Since their invention in 1993, SMC methods have historically been considered hard to parallelise in such a way that fully exploits the ever-increasing computational power of supercomputers. This is due to the difficulties in parallelising the resampling step, i.e. the bottleneck of SMC methods.
Although other parallelisation strategies for resampling had been previously discovered, all of them achieved sub-optimal run-time performance. In [1][2], we present a novel parallel resampling for supercomputers and show that it outperforms any other resampling parallelisation variant by at least an order of magnitude (i.e. 10x faster).
The importance of this breakthrough is that we can now benefit from all the improvements in terms of accuracy achieved by other researchers while also optimally exploiting the scalable efficiency and effectiveness of supercomputers. Therefore, the resulting product is a High-Performance Computing (HPC) SMC method that is both accurate and fast.
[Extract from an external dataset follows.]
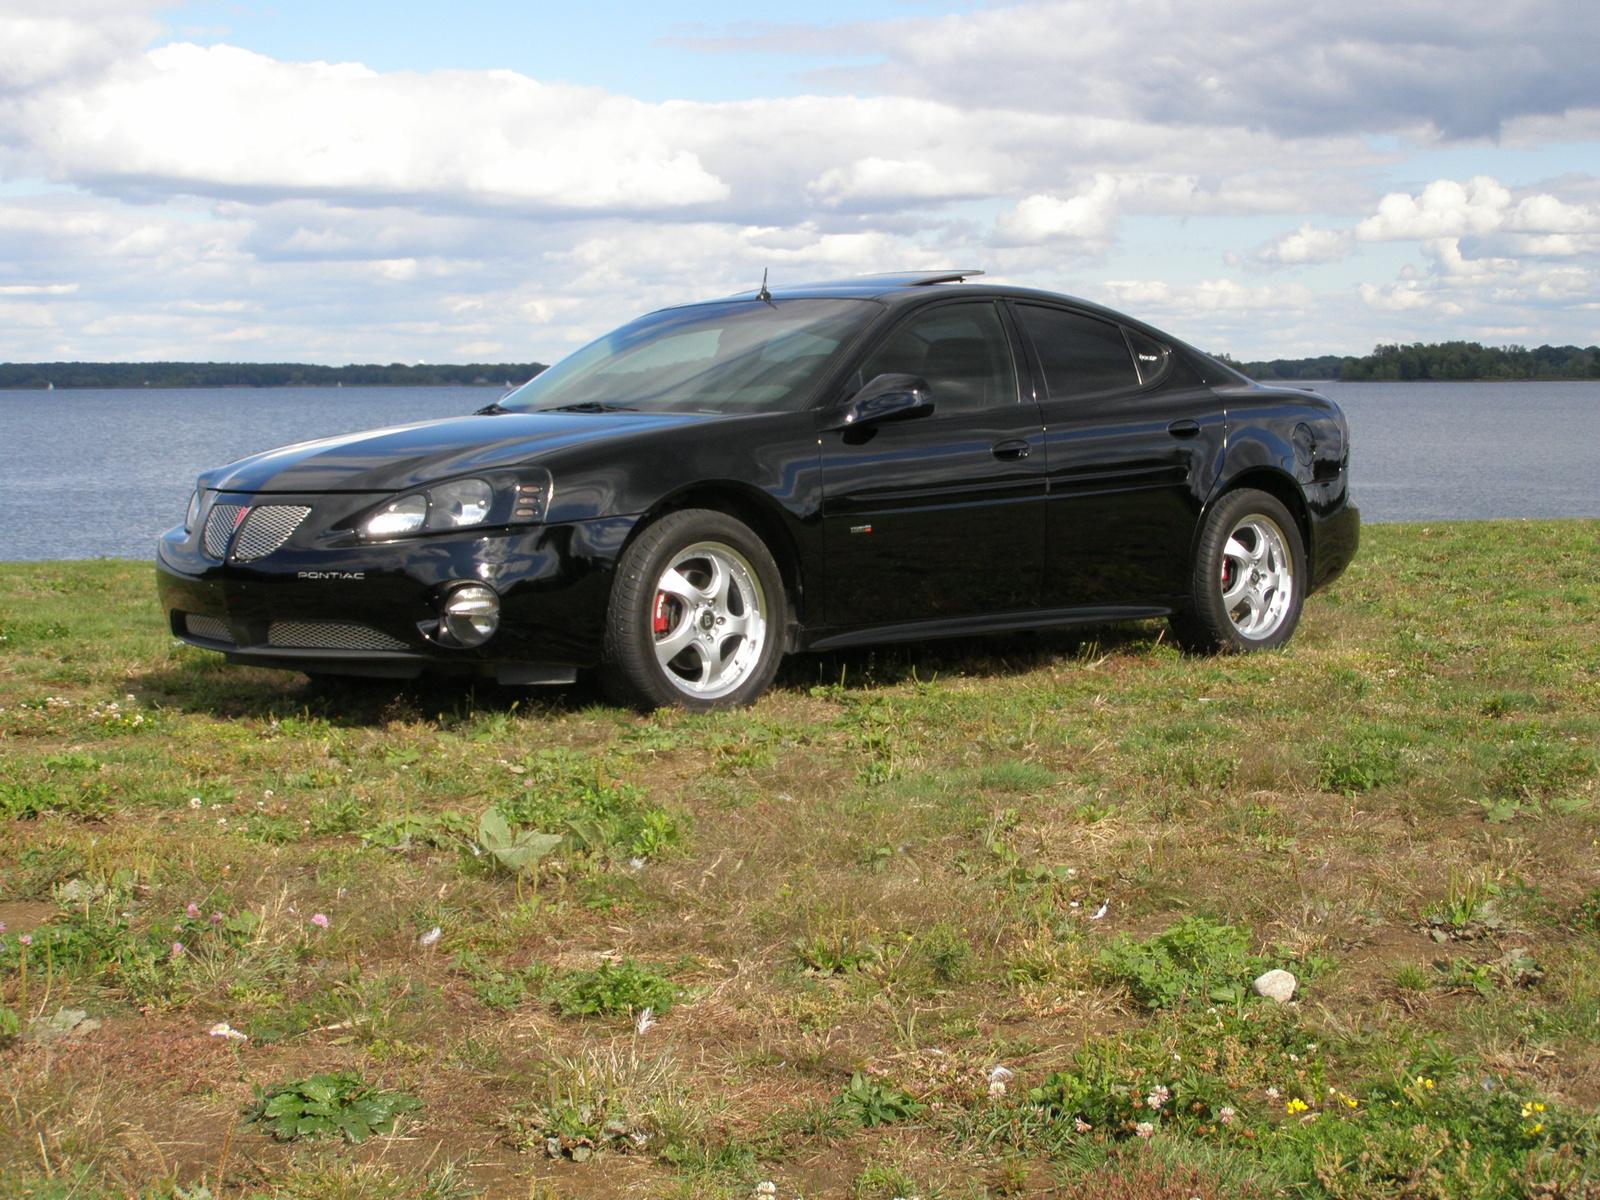 Used Pontiac Aztek For Sale Cargurus Autos Post

For the first author, this paper and its related patent [1][2] do not represent the end of the line, but the beginning of new research sitting at the intersection between Signal Processing and Computer Science, which may potentially be of enormous value for all fields in which is important to collect data and make predictions afterwards.
What comes next?
The short- and medium-term goal is to deliver a software which allows you to describe statistical models with a simple and intuitive programming language, and which solves the models by running automatically the aforementioned HPC SMC method on a server, after simply pressing the “play” button. Hence, the software users will not be required to have any knowledge of SMC, HPC, or supercomputers, nor to buy such an expensive architecture.
Since the range of application domains of SMC is vast, the target audience is also broad, ranging from STEM fields (from academia, industry or government) to economic and medical fields.
References
[1] Alessandro Varsi and Simon Maskell, Method of parallel implementation in distributed memory architectures, GB Patent Request 2101274.5, Jan 29, 2021.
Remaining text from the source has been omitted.